Starting at km 495, the "Fire Lake Mine Road" section was built by unemployed workers during a labour dispute, influenced by the presence of the railway owned by the Québec Cartier Mining Company. This section of unpaved road is notoriously known as "the trail."

From km 495 to the provincial border at km 567 (352 miles from Baie-Comeau), the road is an accident-prone section notorious for its poor surface and sharp curves.

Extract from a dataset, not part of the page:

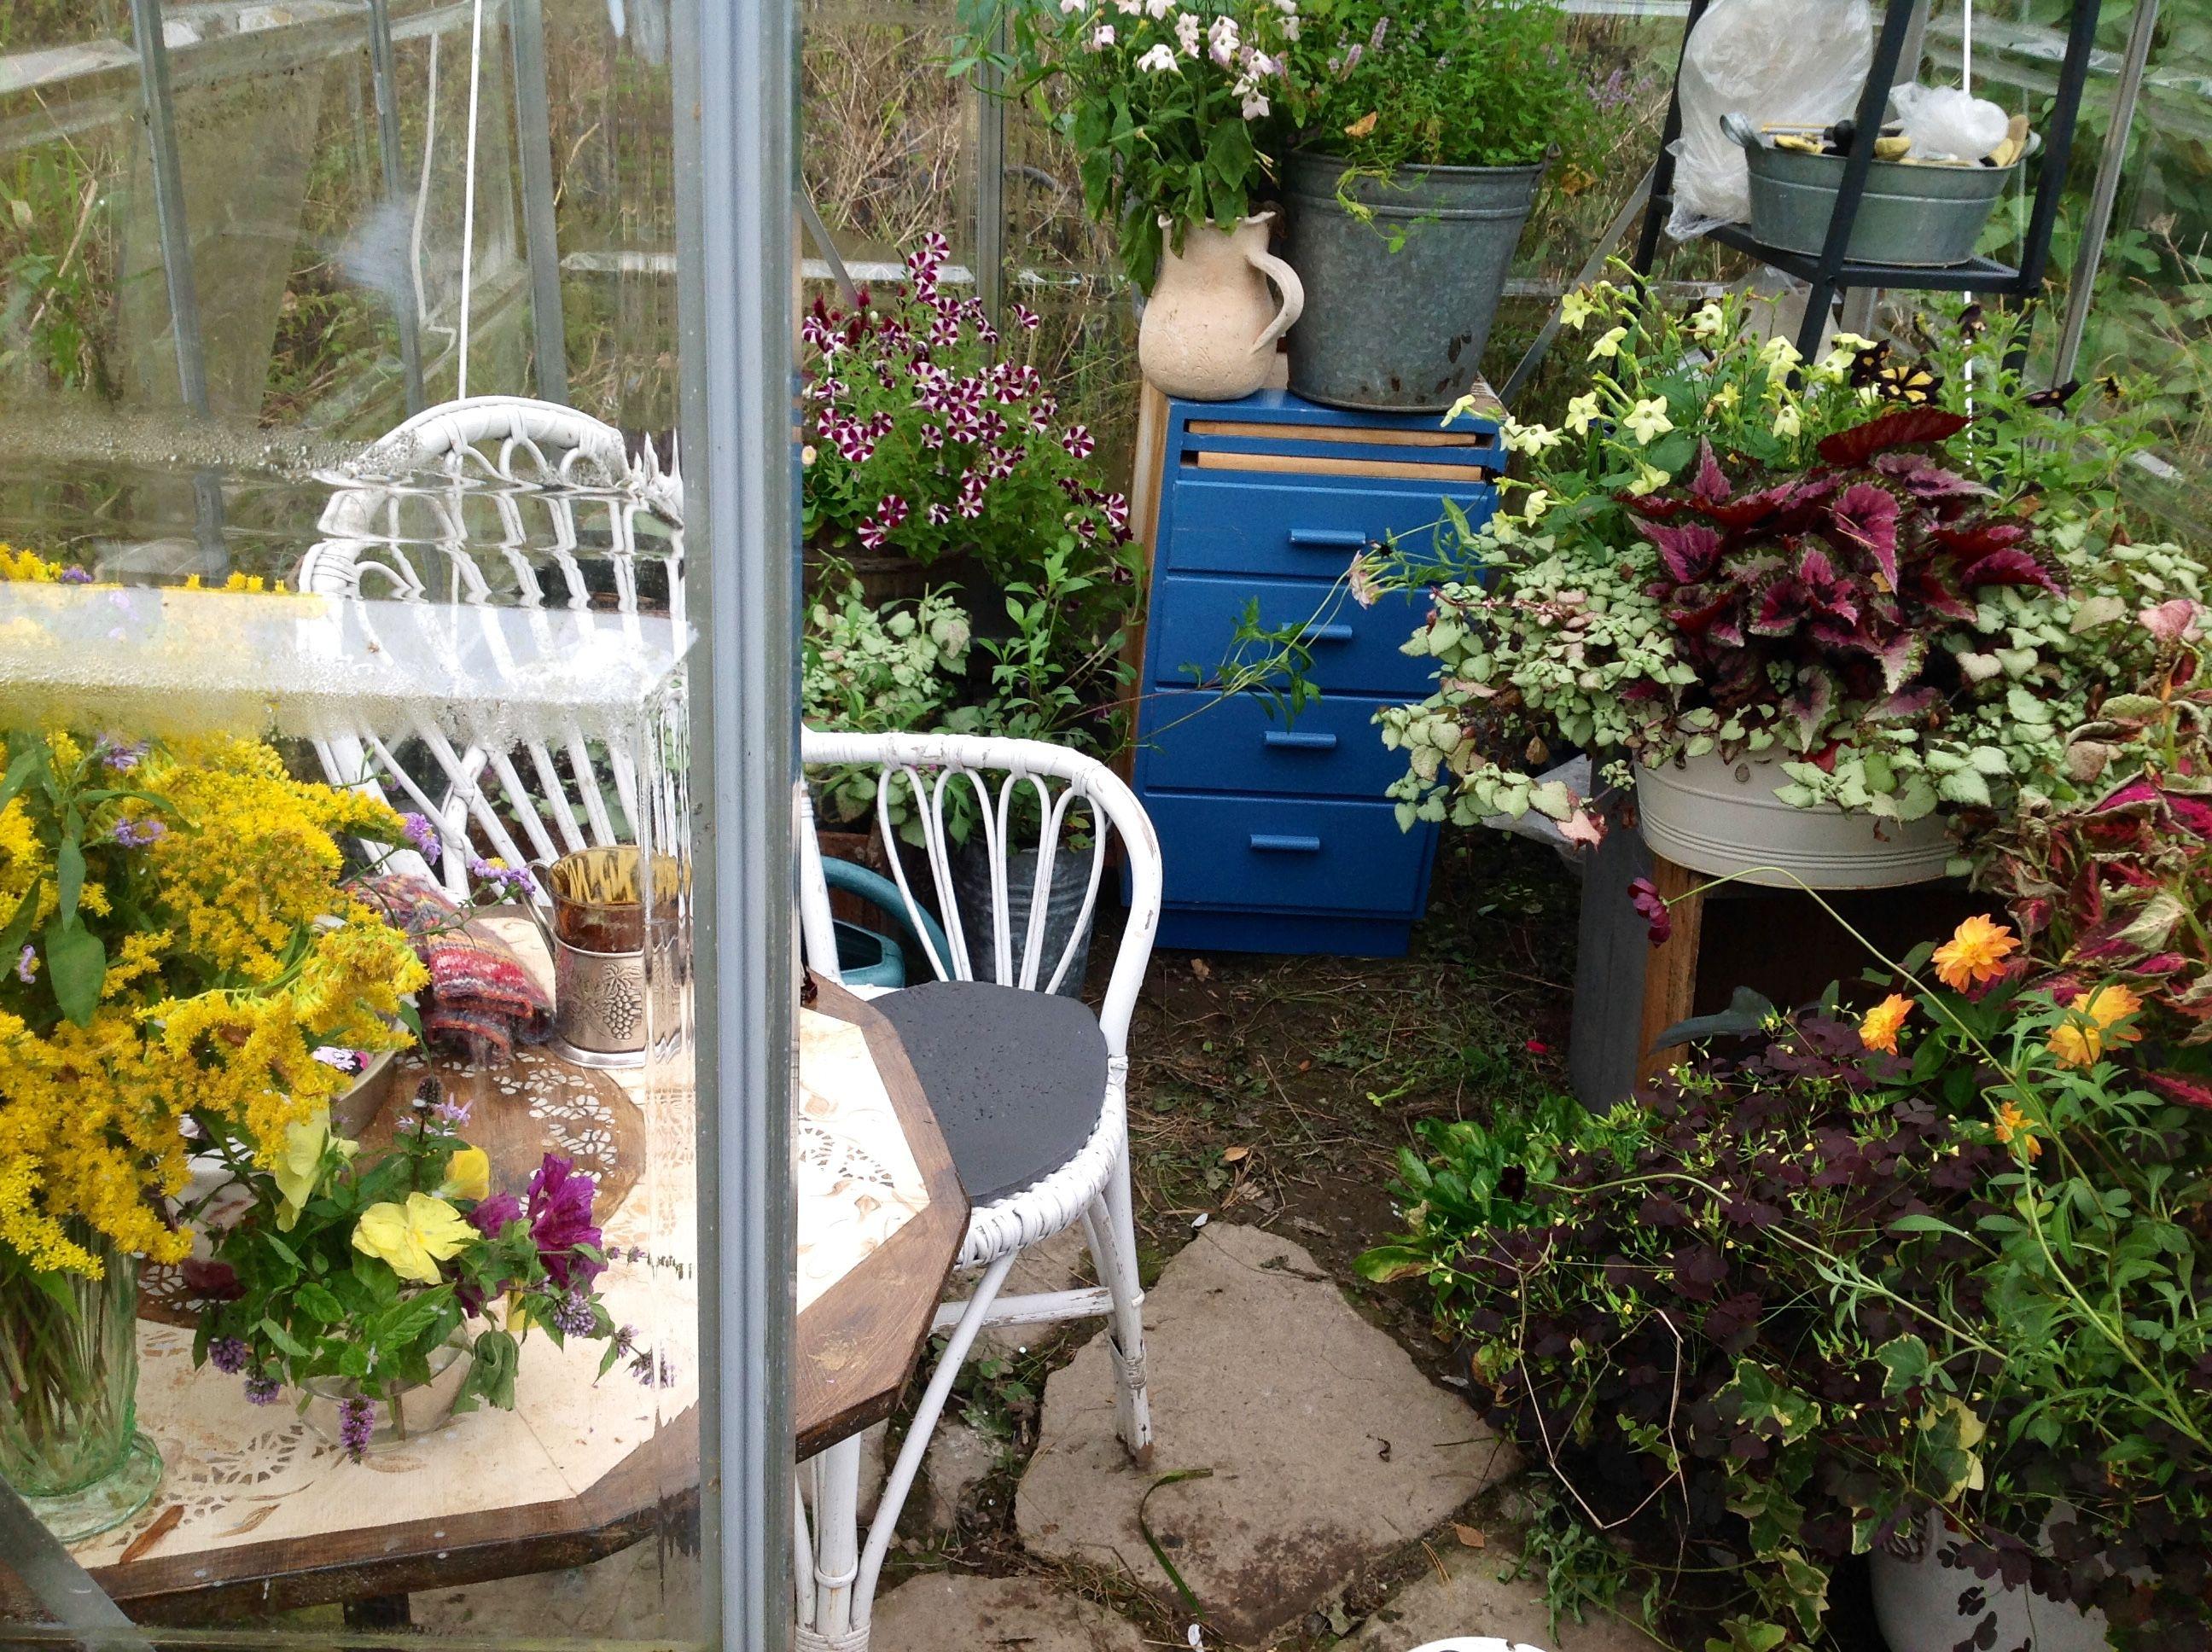 Kesäkukat kasvihuoneessa syksyä paossa - Annuals in pots seeking shelter against Mr. Frost

On April 9, 2009, the Quebec government announced that $438 million would be spent for work to improve the highway from the south end as far as Fermont, with major upgrading and repair work. This will include a significant reroute in the Fire Lake-Mont-Wright section far to the southeast between approximately km 508 and km 564, rejoining the existing route by way of the Fermont access road and no longer routing through Mont-Wright. Work started in 2023 and is expected to finish in 2028. MAP

The bridge over the Pékans River (around km 550) is a popular starting point for canoe trips down the Moisie River.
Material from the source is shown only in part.